Eventually the 14nm Broadwell design will run throughout a range of systems, from PCs to servers, as more of the chip family is rolled out into 2015. "It's going to cover, eventually, top to bottom," according to Natarajan.
The new SoC will feature the second generation of Intel's Tri-Gate transistor architecture, a three-dimensional design first introduced in 2011 that is aimed at improving the chip's performance while keeping a lid on power consumption. It's Intel's version of the FinFET 3D transistor design that other chip makers, including Taiwan Semiconductor Manufacturing Corp. (TSMC), Globalfoundries and Samsung, are working on. Natarajan said that while those other companies are still working to get their first-generation technology completed, Intel is about to launch its second-generation Tri-Gate architecture.

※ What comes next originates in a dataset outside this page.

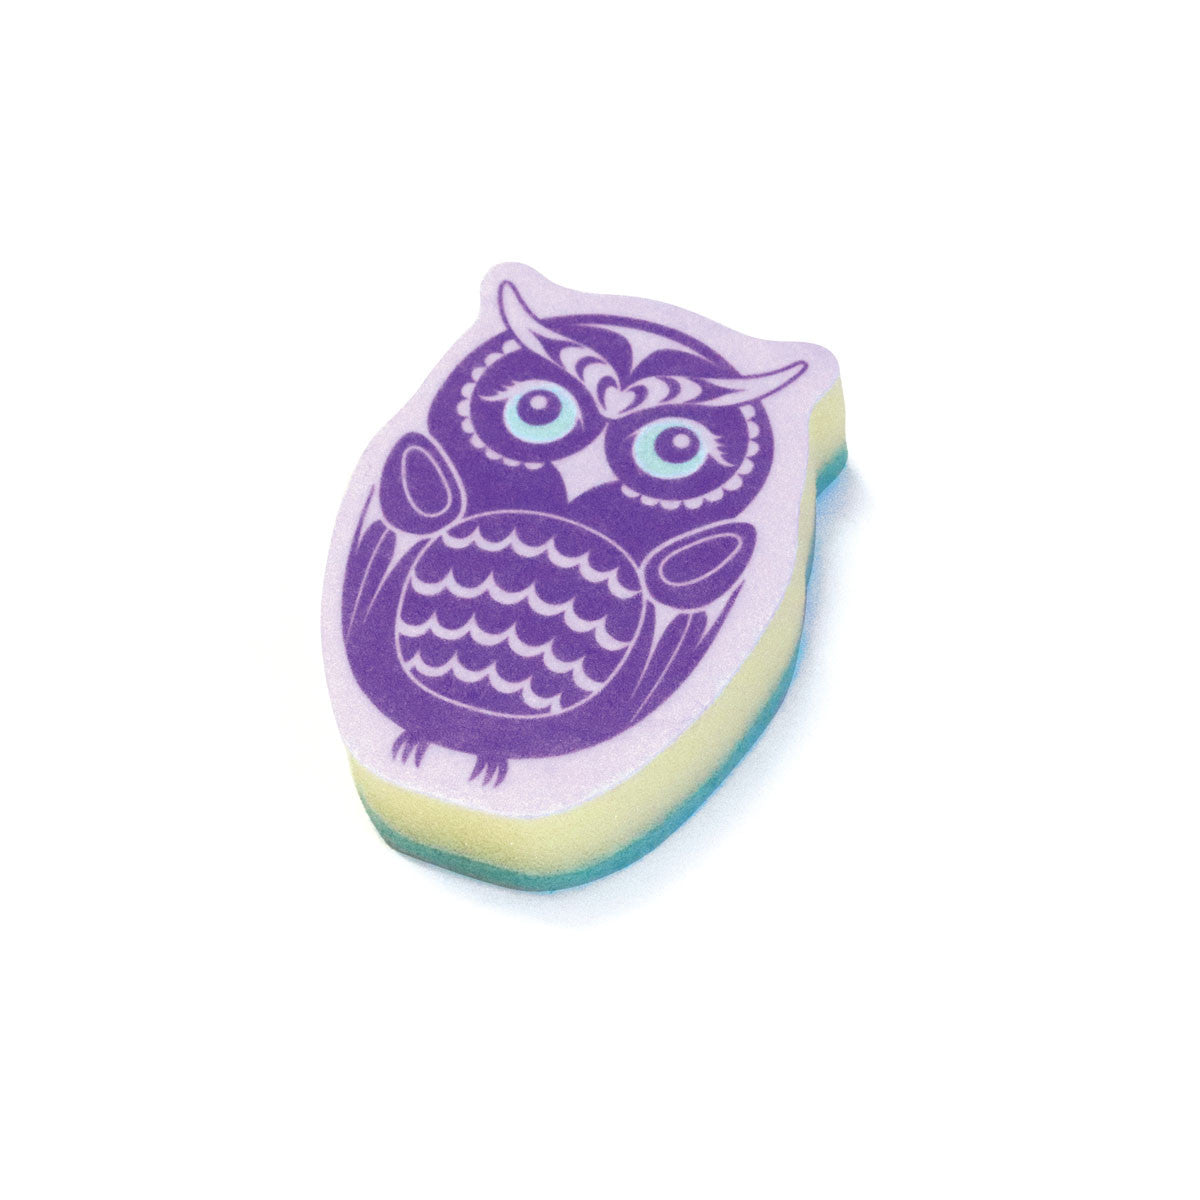 Sponge - Owl by Simone Diamon-Sponge-Native Northwest-[kids game]-[locally designed in bc]-[best gift for kids]-All The Good Things From BC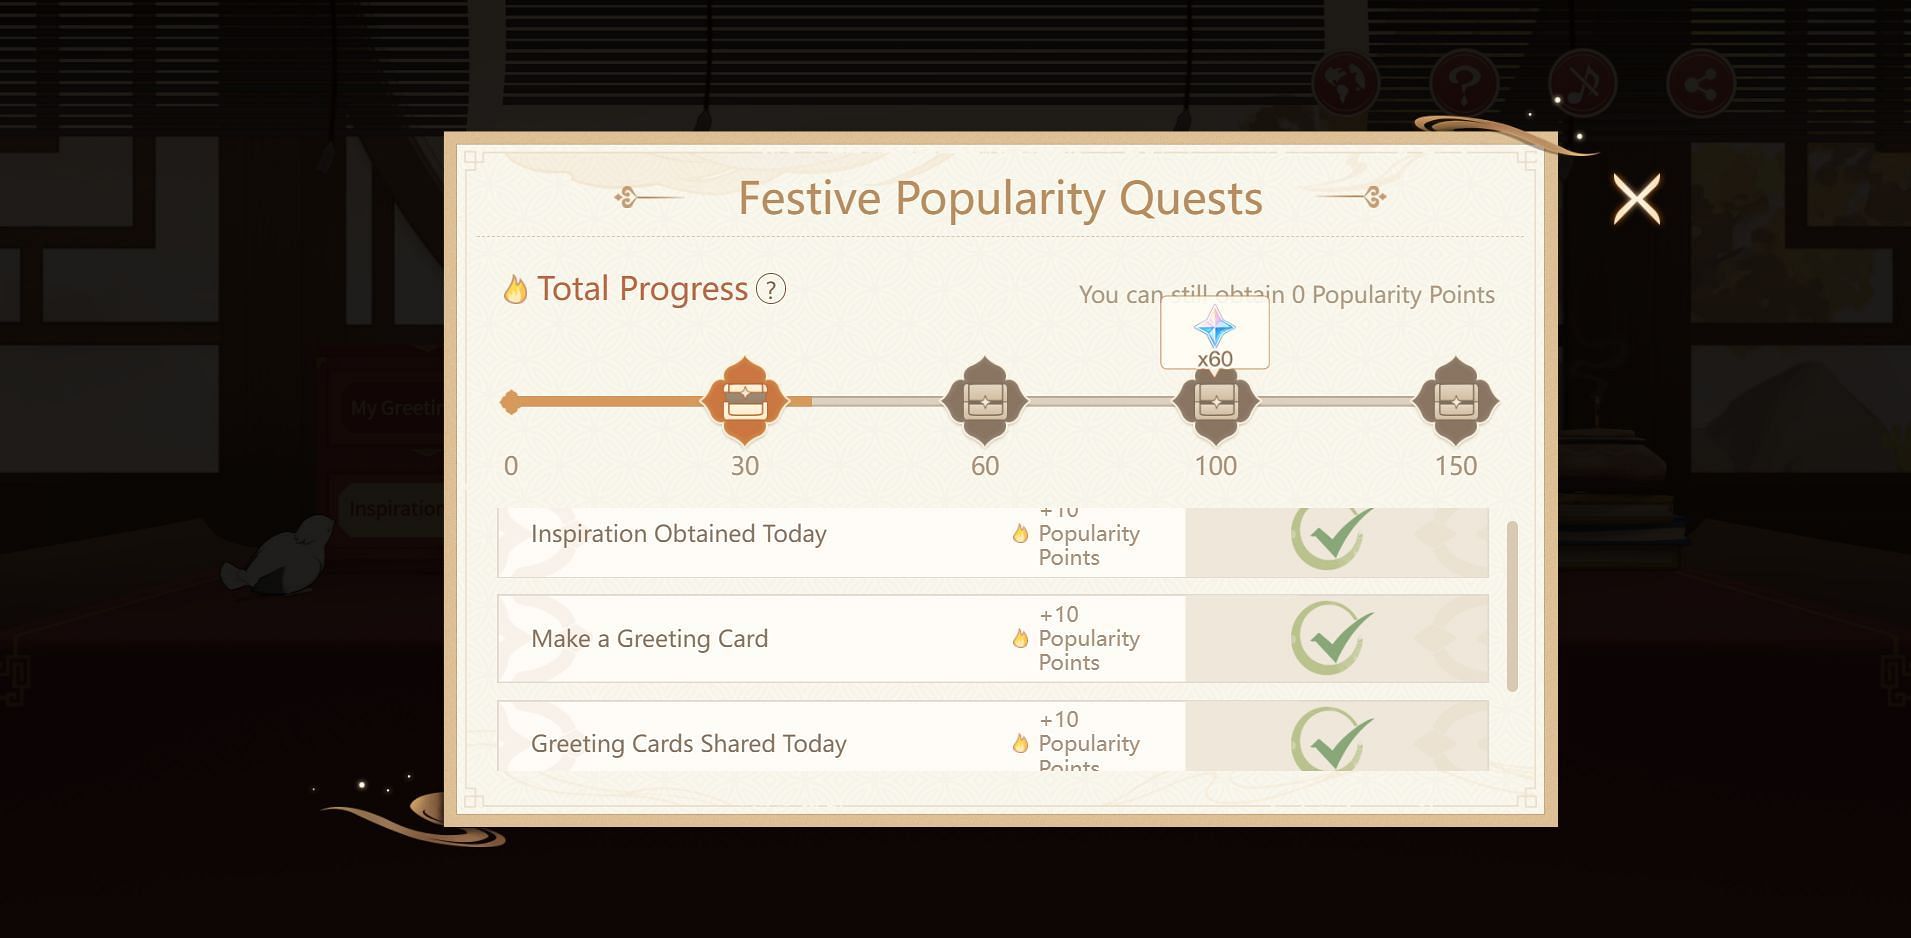 Complete tasks to get popularity points (Image via Genshin Impact)

In the latest Tri-Gate technology, Intel reduced the distance between the elements, while also making the "fins" on the architecture thinner and taller than those in the 22nm Haswell chips, reducing the number of fins needed. This helped improve the density and lower the power of Broadwell.
The combination of the 14nm design and new Tri-Gate technology means greater SRAM (static random access memory), and the new transistors offer greater performance and less power leakage than previous generations, Natarajan said. The 14nm architecture also is helping reduce the cost-per-transistor, which he said is "a key trend for Moore's Law."
Getting Broadwell to meet the challenge of fanless designs—with thickness of 8mm to 10mm and a 10.1-inch display—required developing an SoC that consume 3 to 5 watts of power. Through optimizations in the 14nm design—in such areas as capacitance, minimum operating voltage and low-voltage transistor performance—Intel was able to deliver twice the power reduction than simply reducing the scale of the chip would bring.
In addition, the second generation of Intel's Fully Integrated Voltage Regulator (FIVR) and the movement of the 3DL Modules from the SoC's package substrate to underneath the die improved power delivery in the chip, while Intel also brought enhanced power management features—including enhanced Turbo Boost—improved energy efficiency and performance, according to Jourdan.
In the Converged Core, some of the improvements over Haswell include a larger out-of-order scheduler, a faster floating-point multiplier, faster virtualization round trips and performance features that were designed with a performance to power ratio of 2:1, all of which add up to greater performance and improved energy efficiency.